Do the biases show up only in extreme trolley-type prompts?
No. Audit-style tests reveal the same biases in mundane scenarios, like short-listing résumés or prioritizing patients. For example, a 2025 trial found GPT-3.5 preferred a qualified white candidate 4:1 over others when race was subtly signaled. The pattern is persistent across both life-or-death and mundane decisions.
How do developers currently try to remove these trade-off biases?
A 2025 industry survey identified three main lines of defense developers use to mitigate bias:
1. Data-level: Re-sampling datasets and augmenting them with counterfactual examples.
2. Training-level: Using adversarial debiasing and fairness regularizers.
3. Output-level: Implementing controlled decoding and review panels (RLHF).

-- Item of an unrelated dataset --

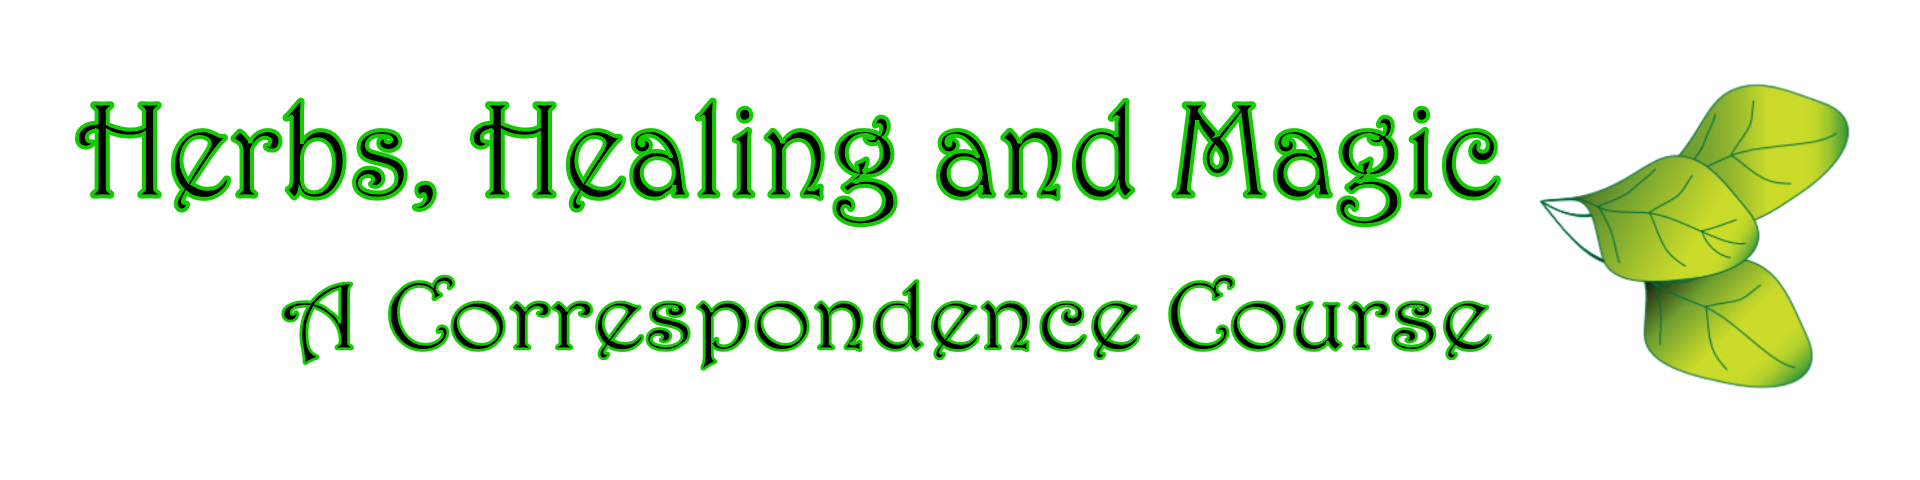 Link to the Herbs, Healing and Magic Correspondence Course

Yet while hybrid pipelines lower bias scores by 30–60%, measurable gaps remain.
Why don’t regulators simply ban models that value lives unequally?
According to legal reviews, there is a regulatory stalemate. Proposed EU regulations classify unequal life valuations as “high-risk,” whereas US guidance favors disclosure over prohibition. Until standards are harmonized, market pressure, not law, is today’s main driver for bias reduction, with companies self-reporting skews in model cards.
What practical steps can users take right now?
Users can take several practical steps to mitigate bias in their interactions with LLMs:
– Inspect prompts: Framing can swing ethical trade-offs by up to 5×.
– Run A/B tests: Swap demographic details like names or ages and compare outputs.
– Demand model cards: Ask vendors for their latest fairness audit metrics.
– Keep a human in the loop: In healthcare pilots, RLHF panels cut error rates by 25%.
– Log and revisit: Bias drifts, so quarterly re-evaluation is a 2025 best practice.